Collection entries
______________________________

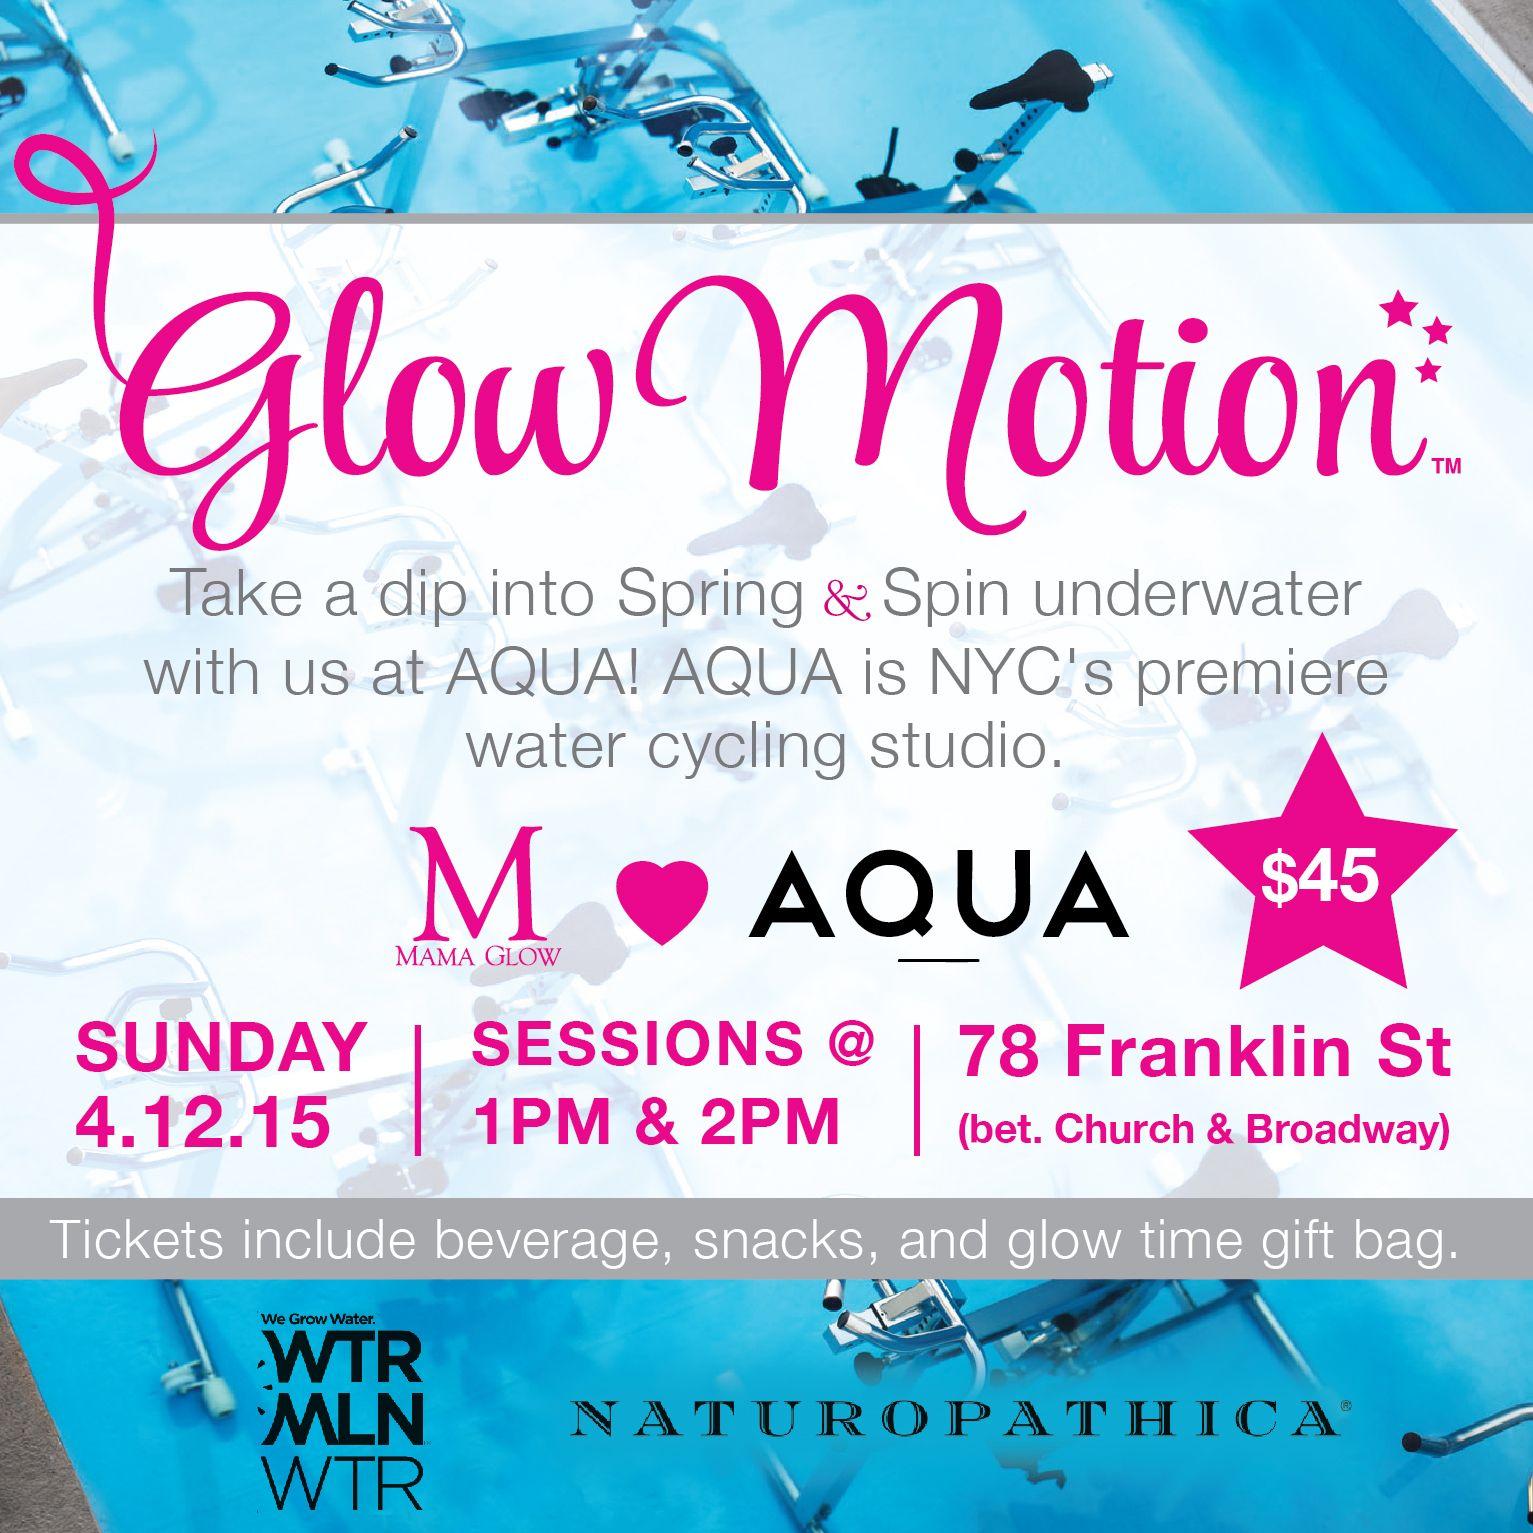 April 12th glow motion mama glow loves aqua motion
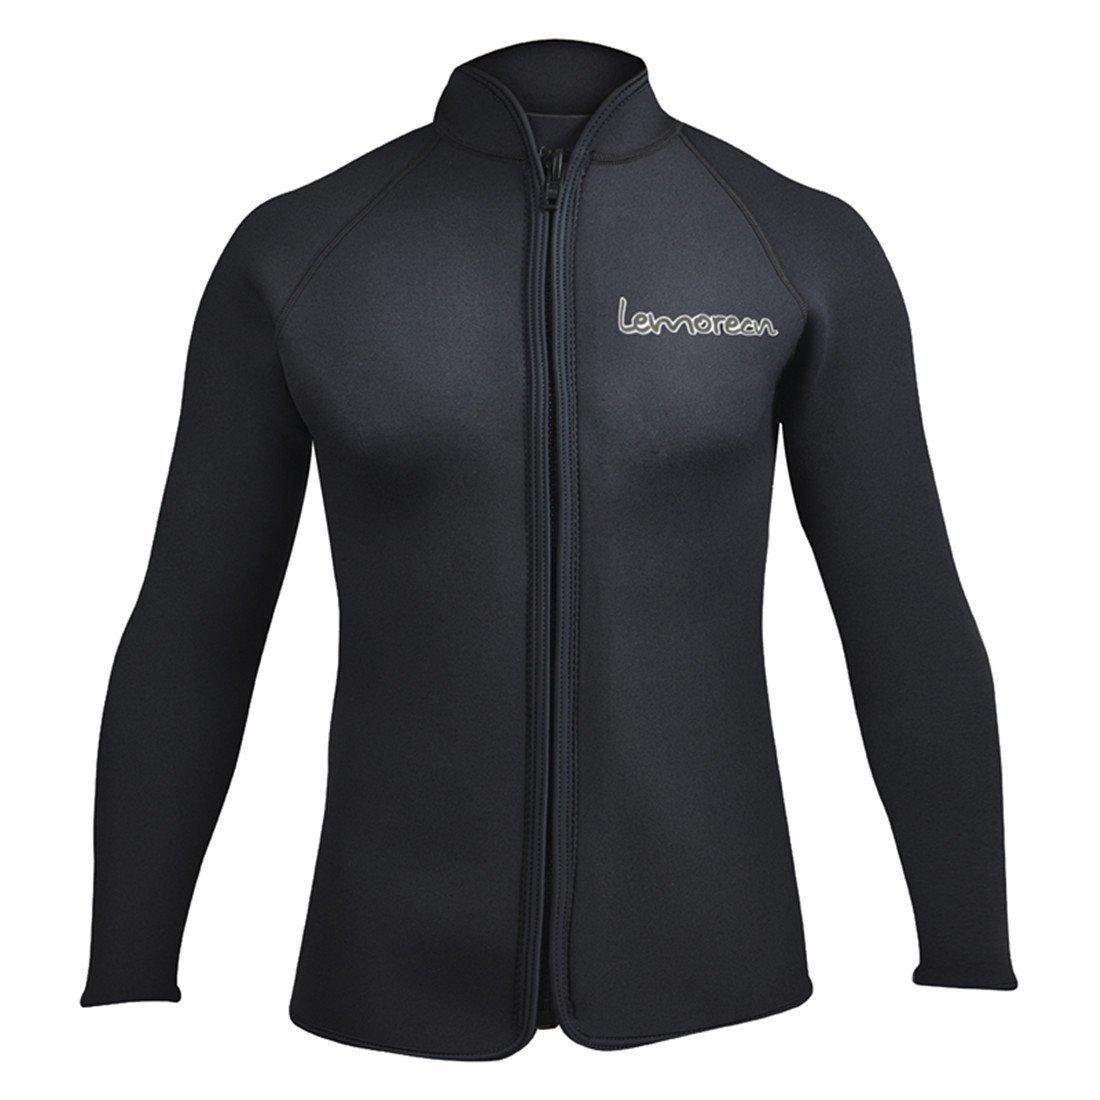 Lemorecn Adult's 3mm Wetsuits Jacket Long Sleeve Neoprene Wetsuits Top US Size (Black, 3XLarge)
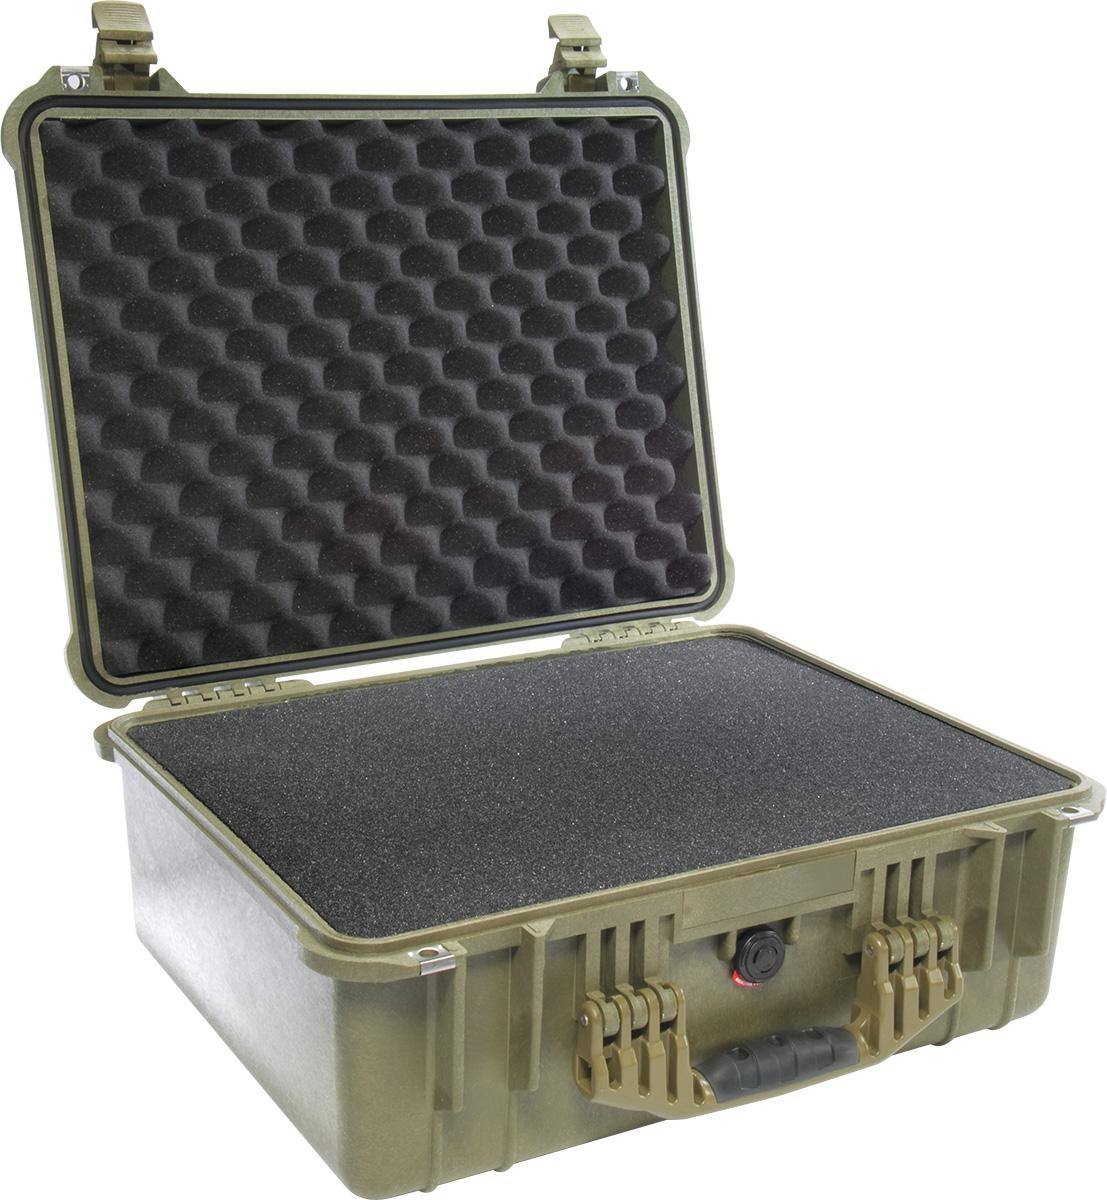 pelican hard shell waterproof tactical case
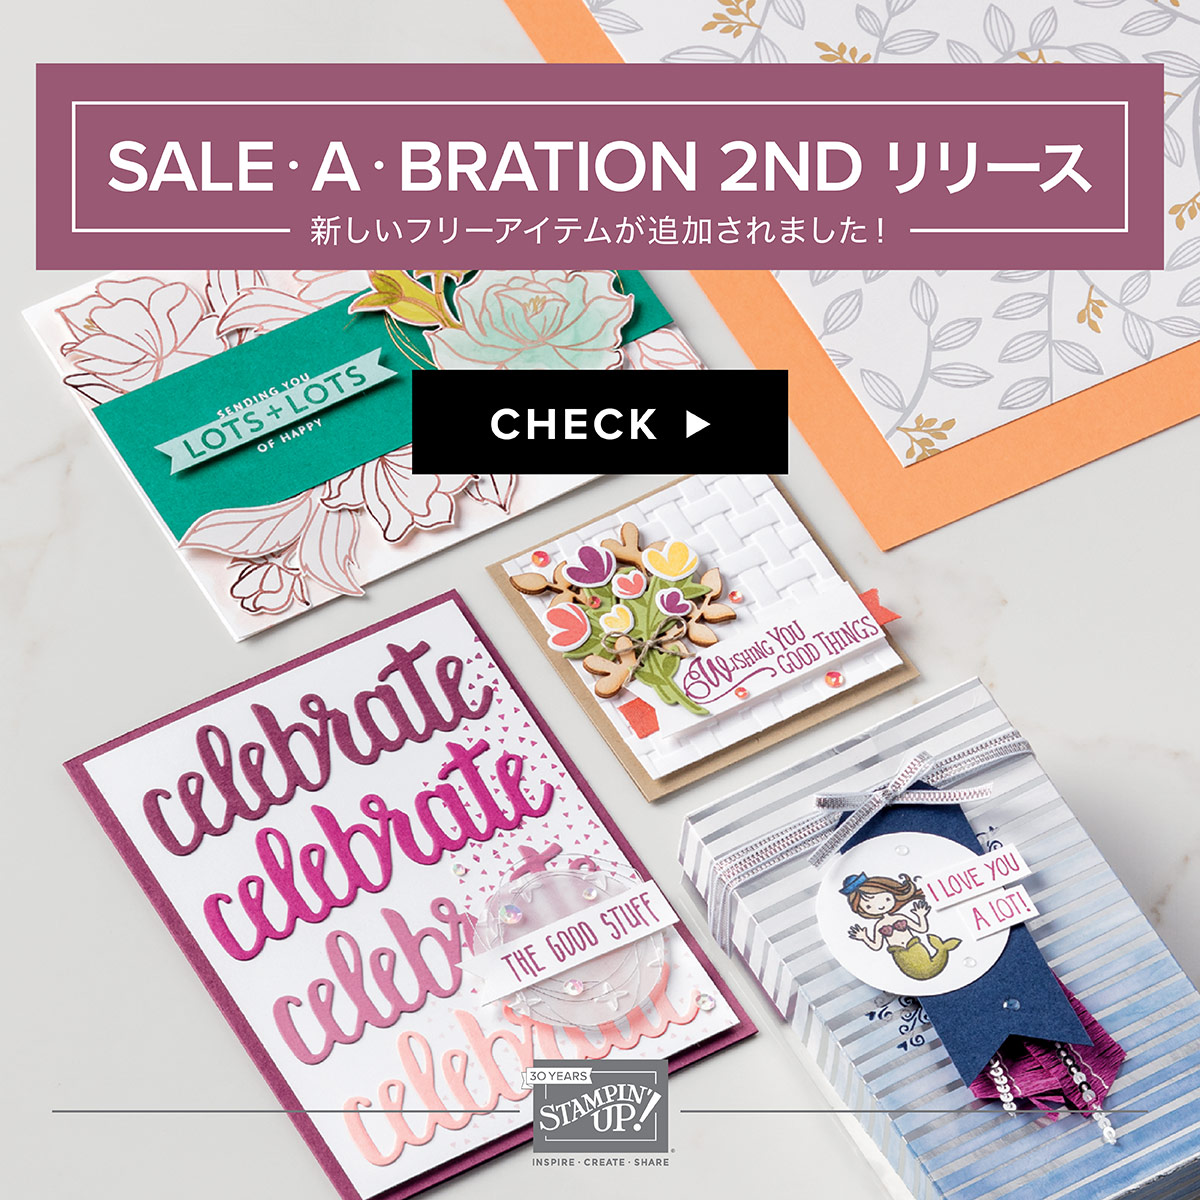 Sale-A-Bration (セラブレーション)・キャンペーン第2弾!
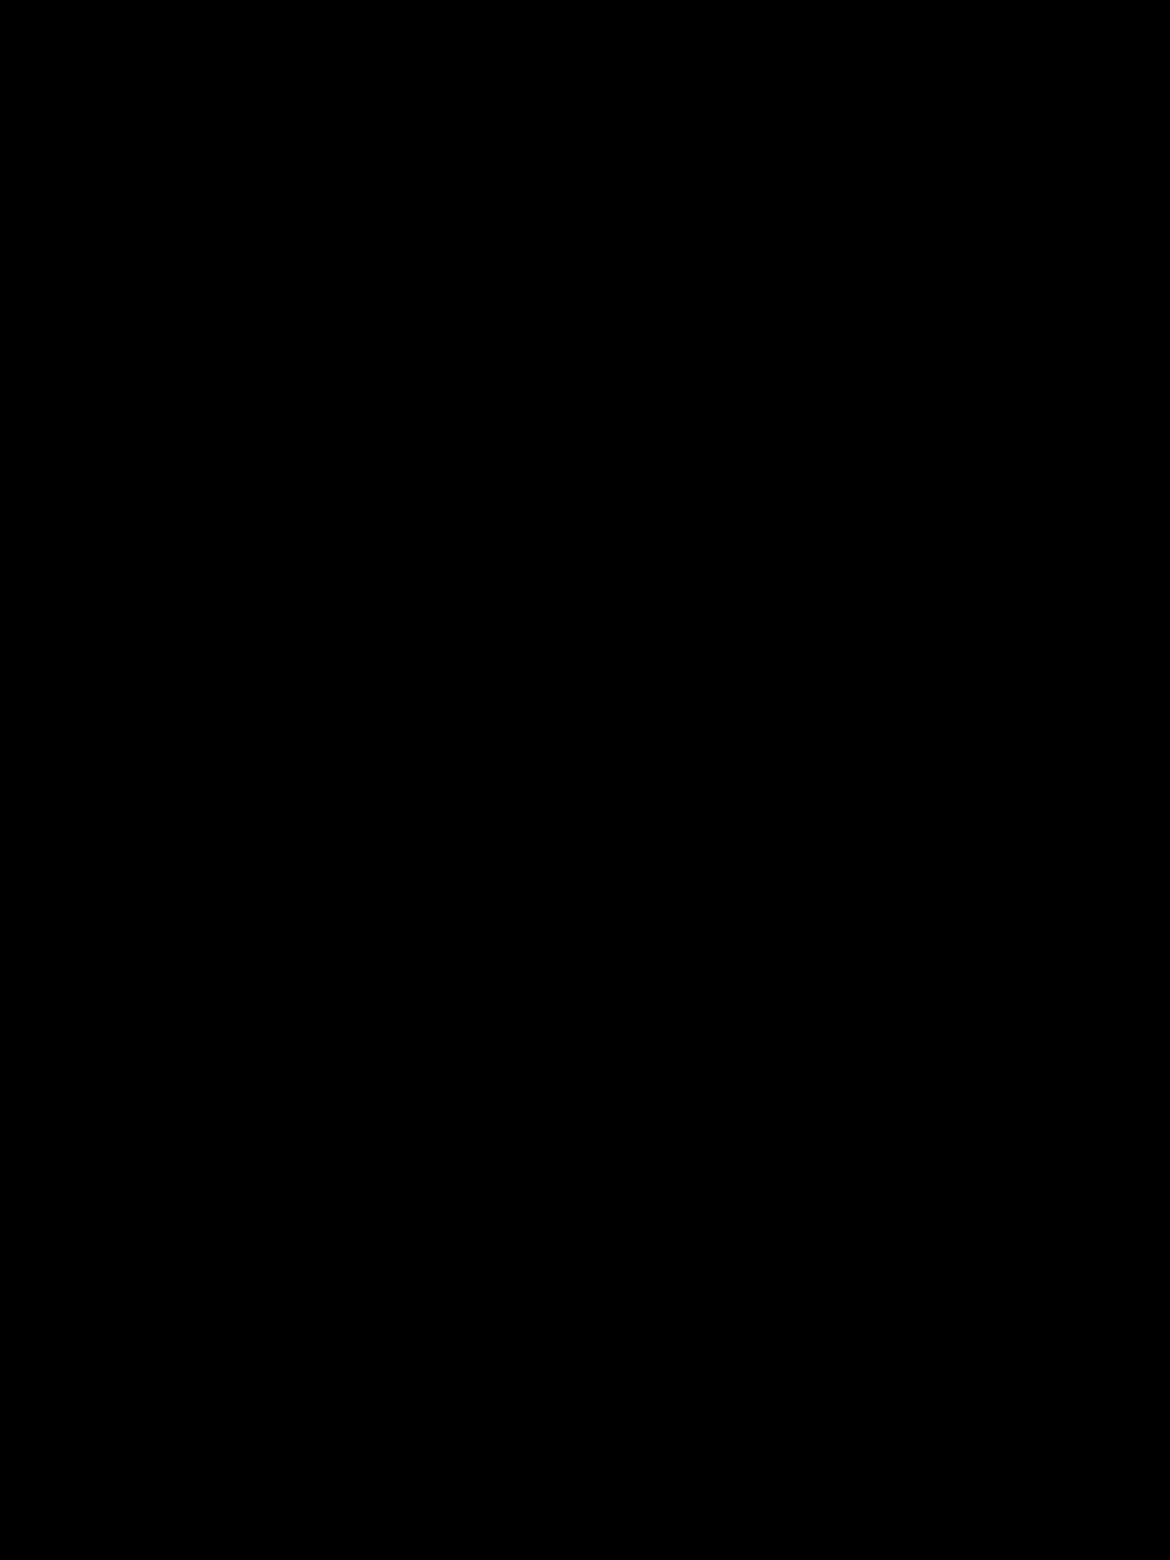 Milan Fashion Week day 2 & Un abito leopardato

______________________________

◆ **TASK ITEM**: The entries above should be retyped exactly, minus any pictures.

◆ **ANSWER FOR THE TASK**:
 April 12th glow motion mama glow loves aqua motion
 Lemorecn Adult's 3mm Wetsuits Jacket Long Sleeve Neoprene Wetsuits Top US Size (Black, 3XLarge)
 pelican hard shell waterproof tactical case
 Sale-A-Bration (セラブレーション)・キャンペーン第2弾!
 Milan Fashion Week day 2 & Un abito leopardato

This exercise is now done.